Remaining clients rush to pull their trading accounts and cash, forcing the lender into bankruptcy. Questions begin to swirl about whether the remaining clearing members can absorb billions in losses, spurring more runs.
“Bank customers panic, and they start to withdraw money,” he said. “The amount of money needed starts to become problematic. None of this is quantifiable in advance.”
The translation of that simply means: The layers of leverage in the system are so great, that a single customer default can lead to a bank default, which can lead to a clearinghouse default, which can lead to a financial system default.
The article goes on to quote a former futures trader and now college finance professor in saying, “Clearinghouses have been oversold as a way of preventing Armageddon…I just don’t think that realistically you can exclude the possibility that taxpayers could be at risk.”

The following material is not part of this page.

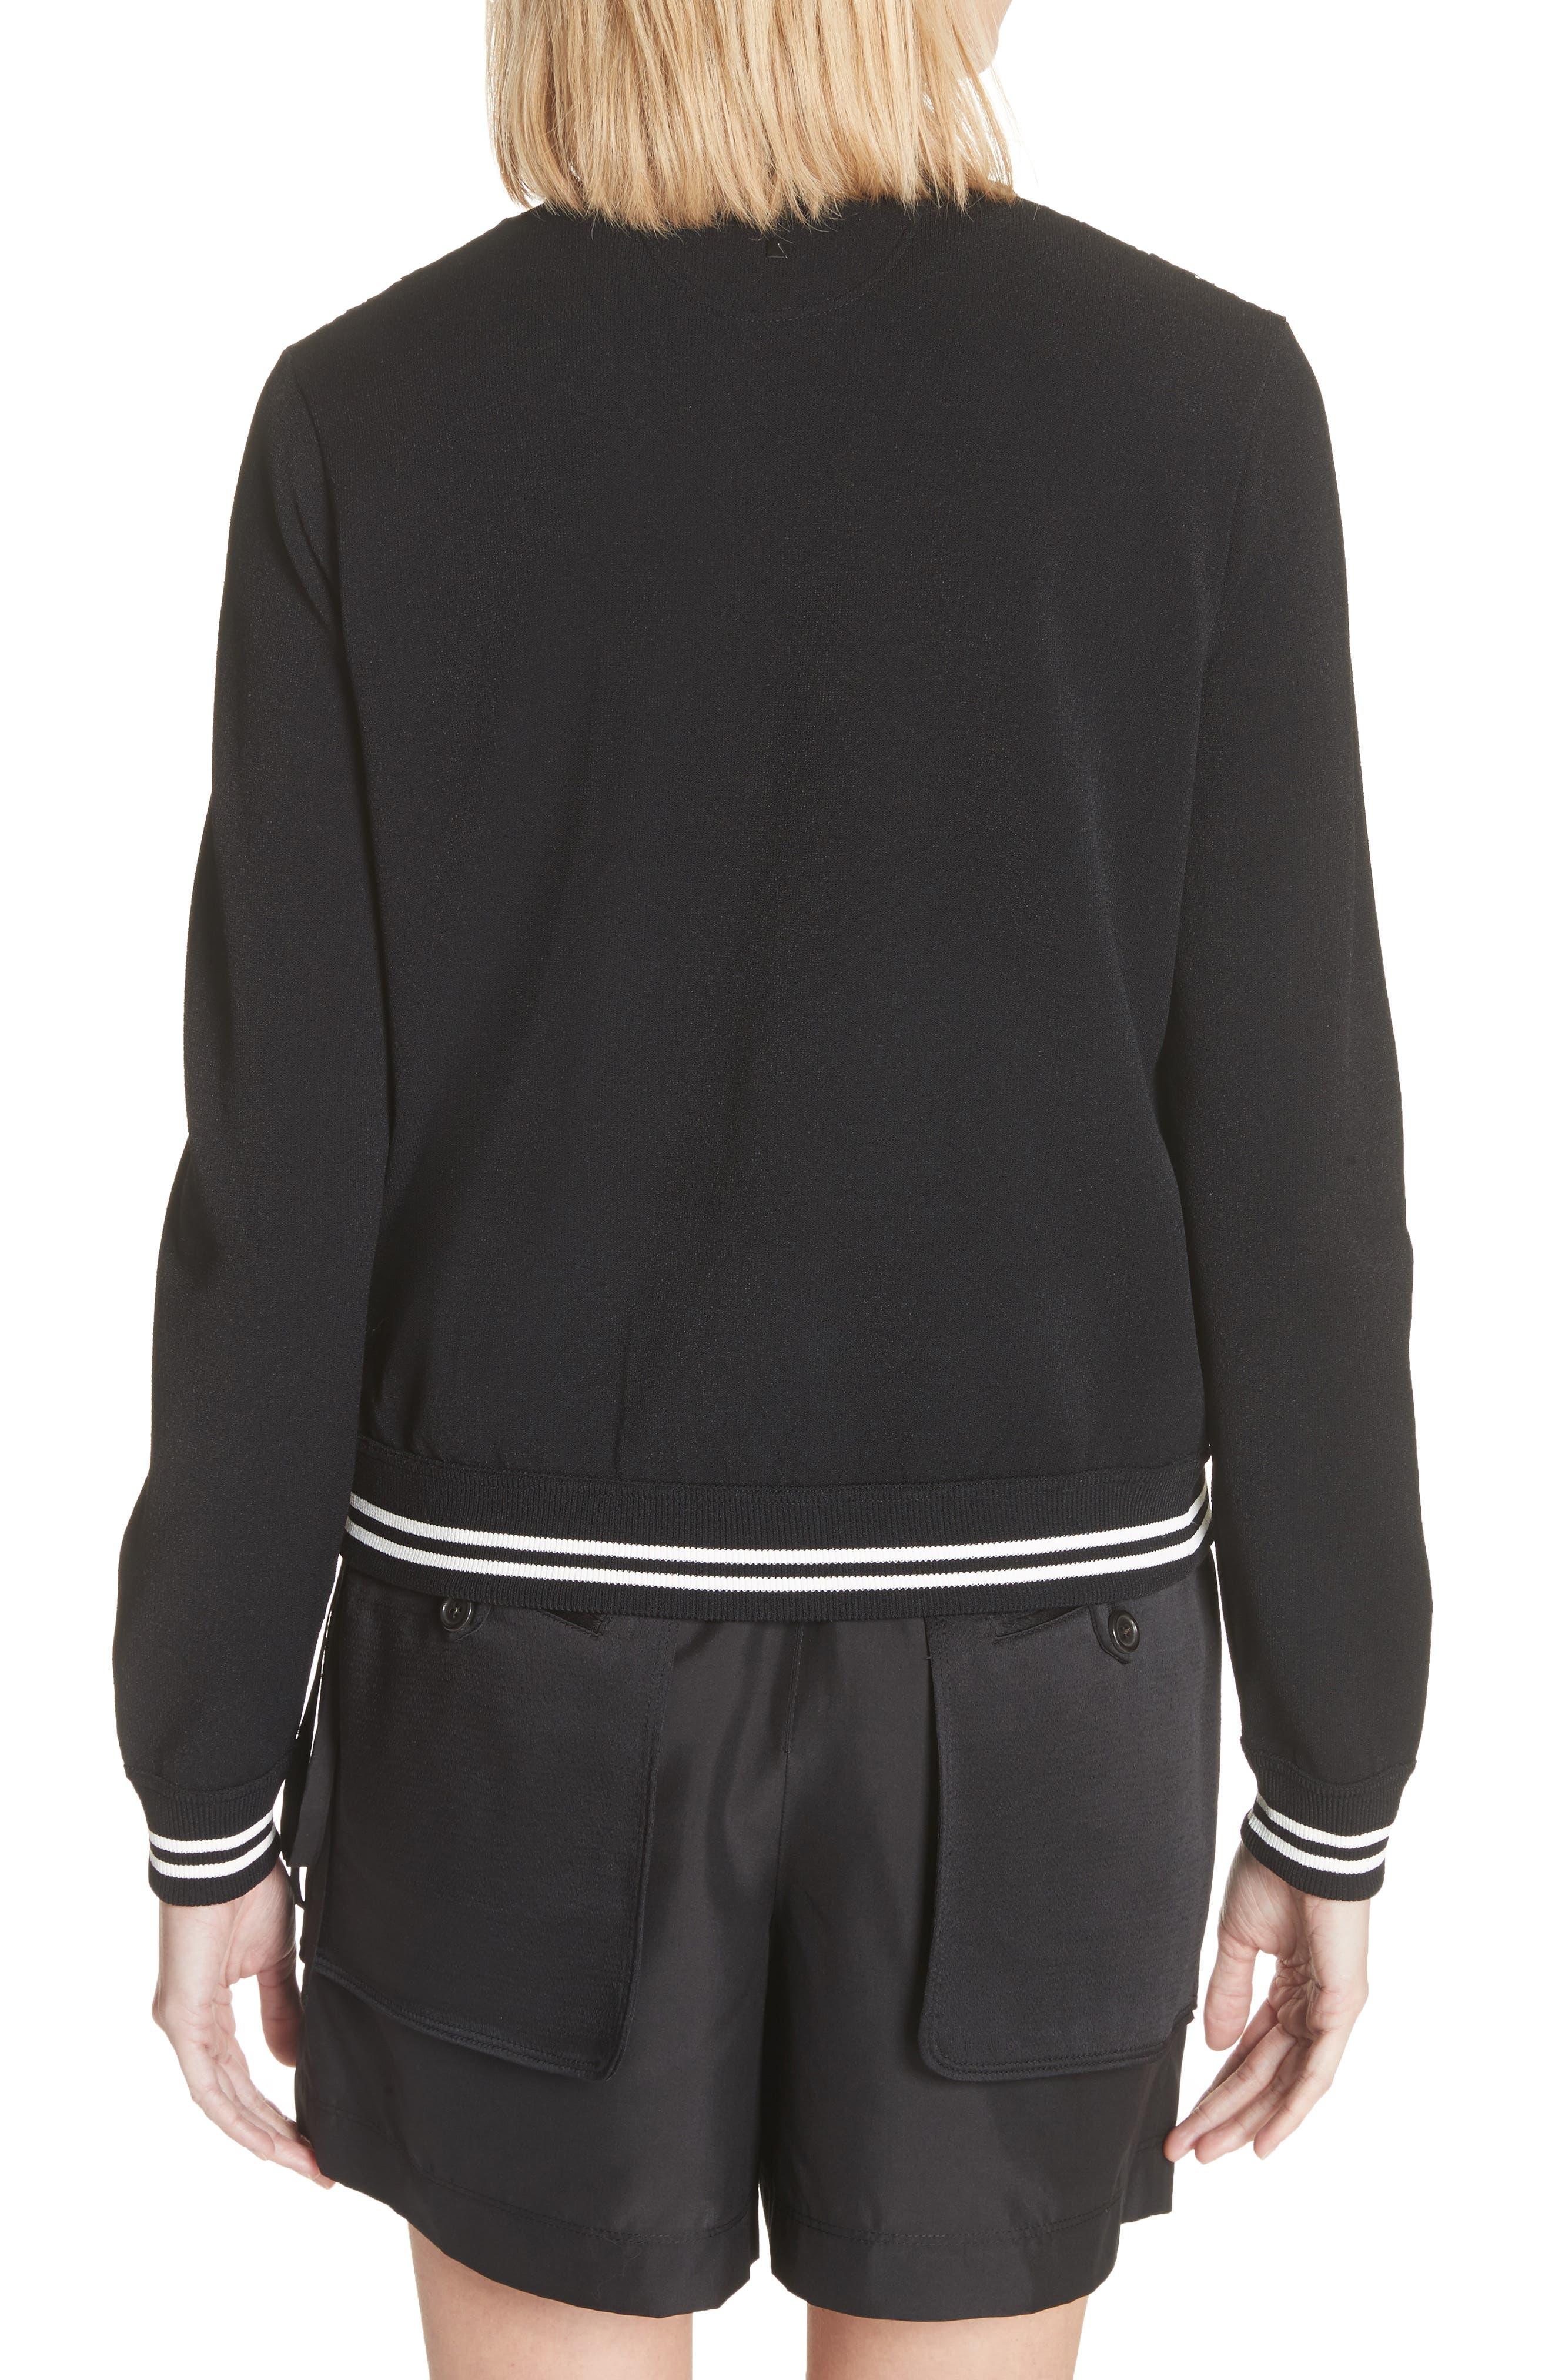 Lace Front Bomber Jacket,                             Alternate thumbnail 2, color,                             Black

Lastly, the most interesting comment of all, was that of Lloyd Blankfein, when following the signing of the Frank-Dodd bill (which was designed to reduce financial system risks) he said, “We have to make sure that something that we do to reduce the risk in a once-in-a-20-year storm doesn’t increase the risk in a once-in-a-50-year storm…The regulatory push might make clearinghouses ‘the biggest systemic risk in the world.’”
Reading Between The Lines
In being street smart and understanding the real story is always telegraphed between the lines rather than on them, we must conclude that financial survival in today’s day and age requires real things and real assets. Real assets are gold, silver, farms, commodity production, real estate and more.
Additionally, for those seeking inflation protection through gold and silver mining stocks, a review of “direct registration” and “paper share certification” may be a key to your financial survival. Corporations and hedge funds are already using these methods, and details on them can be found in my recent report entitled, “BulletProof Shares – How To Protect Your Stock Investments From Broker Bankruptcy & Theft”. As I’ve written about previously,800 accounts at MF Global were holding stocks of individual companies, and those account holders were wiped out with everyone else.